Emrah Eren (born  13 November 1978) is a Turkish retired footballer.

Emrah has played over 250 matches at Turkish Super League and was a Turkey U21 internationals.

Career
Emrah began his career at Gaziosmanpaşa in his teenage years, playing on the right side of defence and midfield. He became professional in İstanbulspor in 1995. He soon found himself at Süper Lig team Adanaspor, and immediately made his mark despite his youth. His talent earned him a place in the Turkish under-21 team, first at 1997 Mediterranean Games where he continued to impress the scouts from many teams. Displaying pace, power, technique and hard work it was obvious that he would soon join a big team.

In the summer of 1999, he joined Galatasaray. His time there was brief, as he failed to earn much playing time. He was loaned out to Istanbulspor for a while but found that his experience on his return to Galatasaray would be the same as he had been through before. At the beginning of the 2002 season he joined league strugglers Kocaelispor. Here he found regular playing time and refound his form and began to show signs of fulfilling his promise that he had displayed in his younger years. His efficient defending combined with runs into the opposition half made him one of the stars of the team. Kocaelispor were relegated from the Superlig.
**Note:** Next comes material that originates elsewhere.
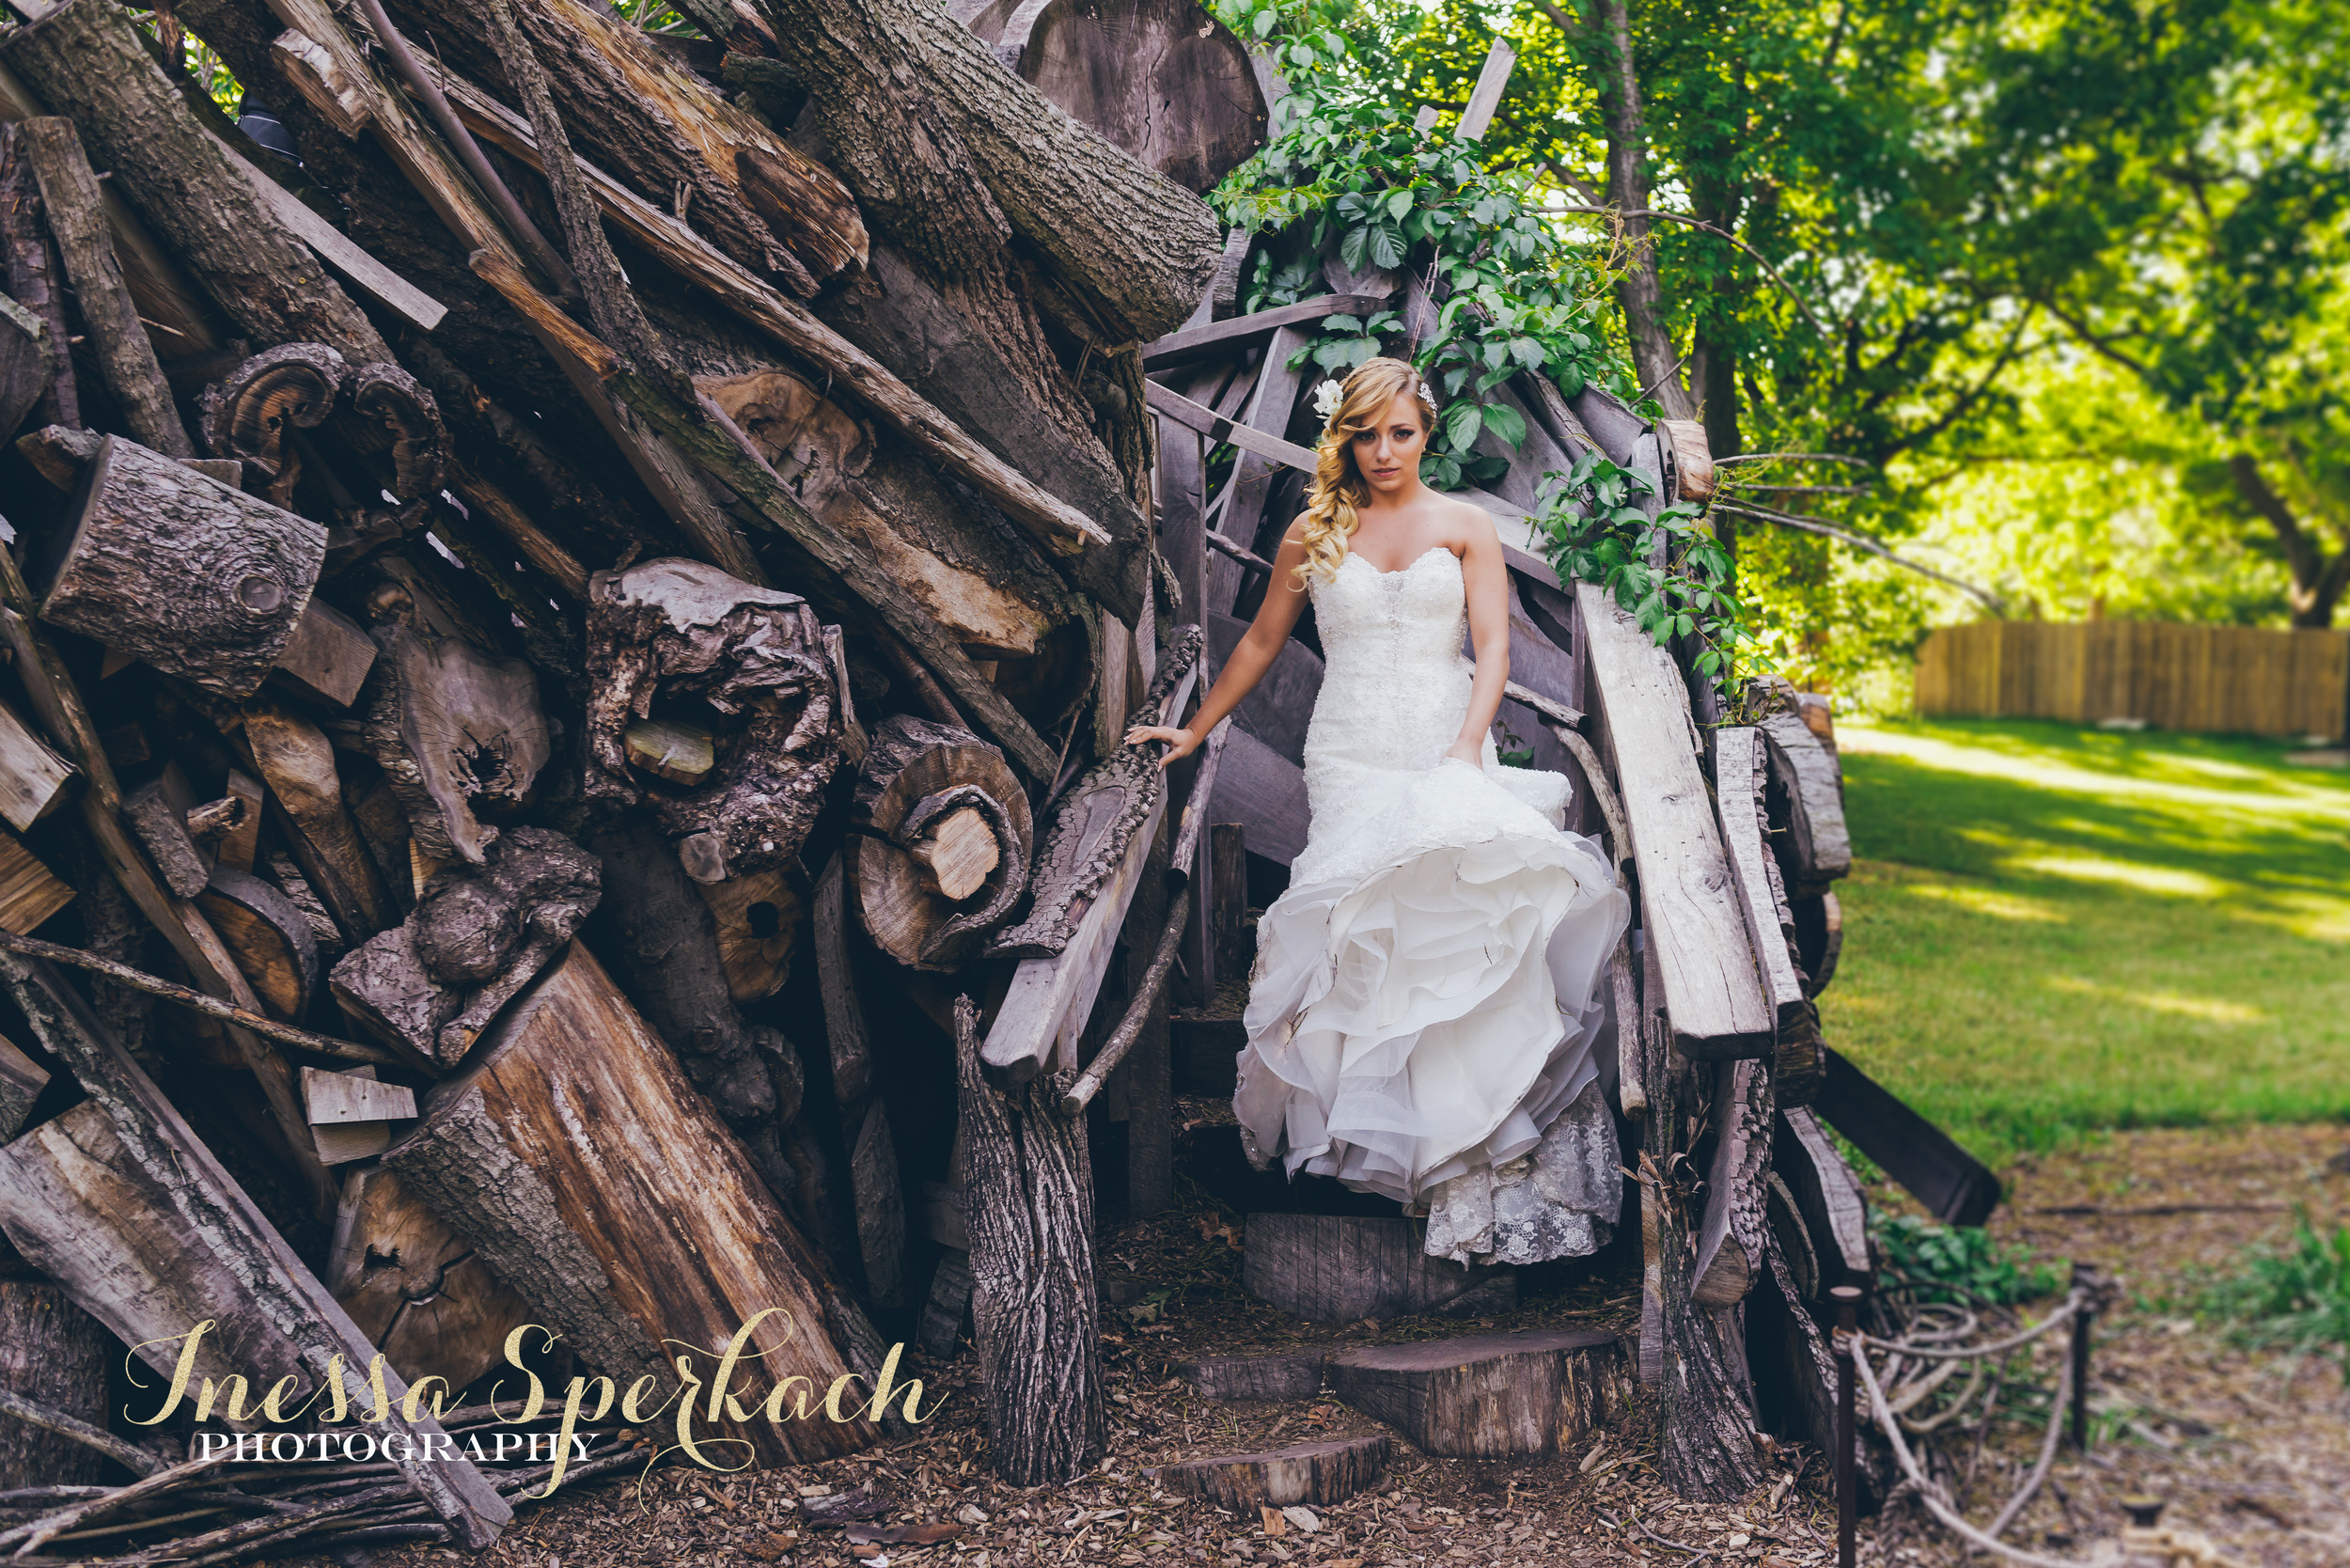 InessaSperkachPhotography-0098.jpg

Emrah left to join the Black Sea club Trabzonspor.

At Trabzonspor, Emrah has established himself as one of the best defenders in Turkish football. He has fulfilled much of the potential that he showed in his youth. He is a fan favourite due to his modesty and hard work in the team. In July 2005 he extended his contract with the team for a further three years, to 2008.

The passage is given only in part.